Filsuf kontemporer Bina Gupta menjelaskan: “ Dharma dalam aspek normatifnya mengacu pada aturan-aturan etika tindakan, tugas-tugas yang harus dilakukan. Dharma mencakup semua bentuk dan kegiatan yang membentuk dan menopang kehidupan manusia” ( 2002 , 19). Dharma mencakup prinsip-prinsip moral yang membimbing perilaku manusia, hukum-hukum yang menjaga ketertiban, dan tugas-tugas yang menunjukkan jalan menuju pemenuhan individu serta harmoni sosial. Lath menjelaskan: “kata dharma dalam penggunaan kunonya menunjukkan ranah moral dalam arti yang paling luas, yang berarti moralitas sebagai sebuah cita-cita—[pencarian] abadi untuk kebaikan, kebenaran, keadilan—serta kerangka norma, aturan, prinsip, prinsip yang diberikan dan aktual yang membimbing tindakan manusia” ( 1982 , 135). Dharma mengacu pada tujuan dan jalan tindakan manusia. Dharma mengacu pada tujuan yang kita pilih untuk bertindak dan sarana yang terbuka bagi kita dan disarankan bagi kita. Dharma juga dapat mengacu pada konsekuensi yang dihasilkan dari tindakan kita.

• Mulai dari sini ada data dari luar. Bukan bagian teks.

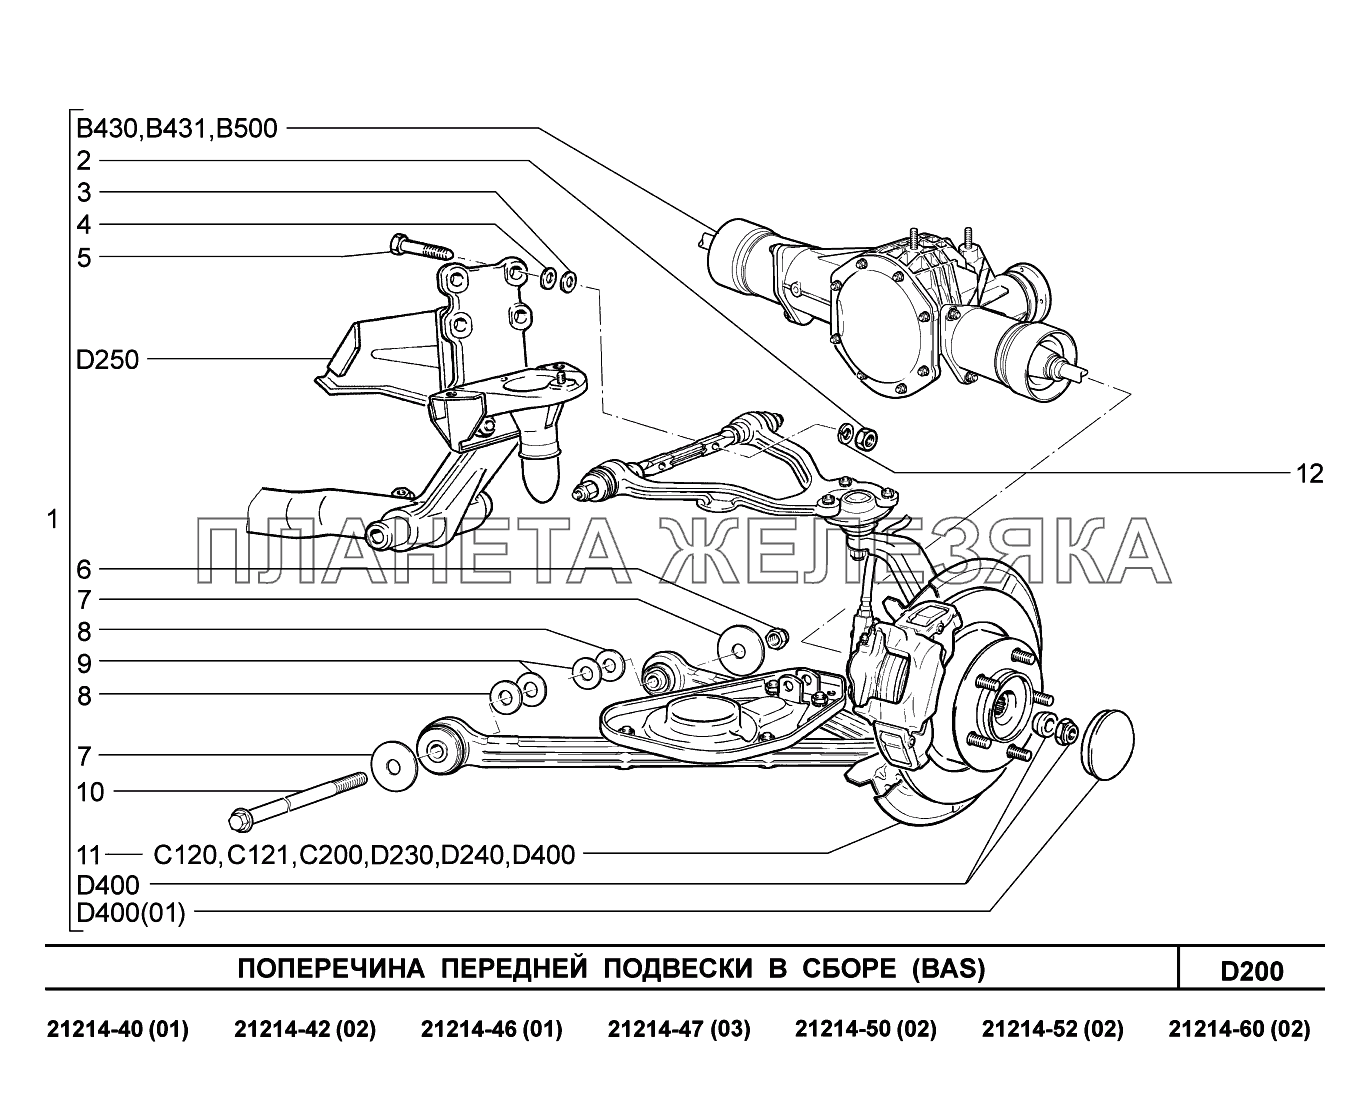 D200. Поперечина передней подвески в сборе Lada 4x4 Urban

Ini semua adalah bagian dari keseluruhan yang fleksibel yang paling baik diperlakukan seperti itu.

Indolog Gerald James Larson menyarankan agar kita menganggap dharma sebagai sesuatu yang analog dengan “penggunaan bahasa yang benar”. Apa yang benar bergantung, sebagian, pada apa yang telah lama dianggap benar oleh suatu komunitas; namun apa yang benar berubah seiring waktu. “Dialektika kesinambungan dan perubahan terungkap dengan sendirinya, di satu sisi terinspirasi oleh prinsip-prinsip yang berasal dari penggunaan masa lalu, dan dilestarikan namun direvisi, di sisi lain, oleh konsensus komunitas terutama sebagaimana diartikulasikan oleh juru bicara komunitas yang paling fasih” ( 1972 , 149). Sebagai bagian dari dinamika yang cair ini, seorang individu dapat dengan tepat menafsirkan atau menerapkan prinsip yang sudah dikenal dengan cara yang baru, terutama dalam menghadapi situasi yang belum pernah terjadi sebelumnya. Apa yang benar bergantung pada konteks historis, geografis, temporal, sosial, dan pribadi. Itu tergantung pada siapa seorang aktor dan peran sosial yang mereka tempati relatif terhadap anggota komunitas lainnya, yang memiliki identitas sosial mereka sendiri. Itu tergantung pada detail yang relevan dari situasi di mana orang tersebut harus bertindak. Itu tergantung pada lokasi orang tersebut saat ini di jalur spiritual mereka. Dharma bersifat “menyeluruh, seringkali relevan pada level rincian spesifik dalam kehidupan sehari-hari—misalnya, kebersihan sehari-hari, kebiasaan pribadi dalam berbagai bentuk, salam khusus untuk orang tertentu, dan sebagainya.” (Larson 1972 , 148).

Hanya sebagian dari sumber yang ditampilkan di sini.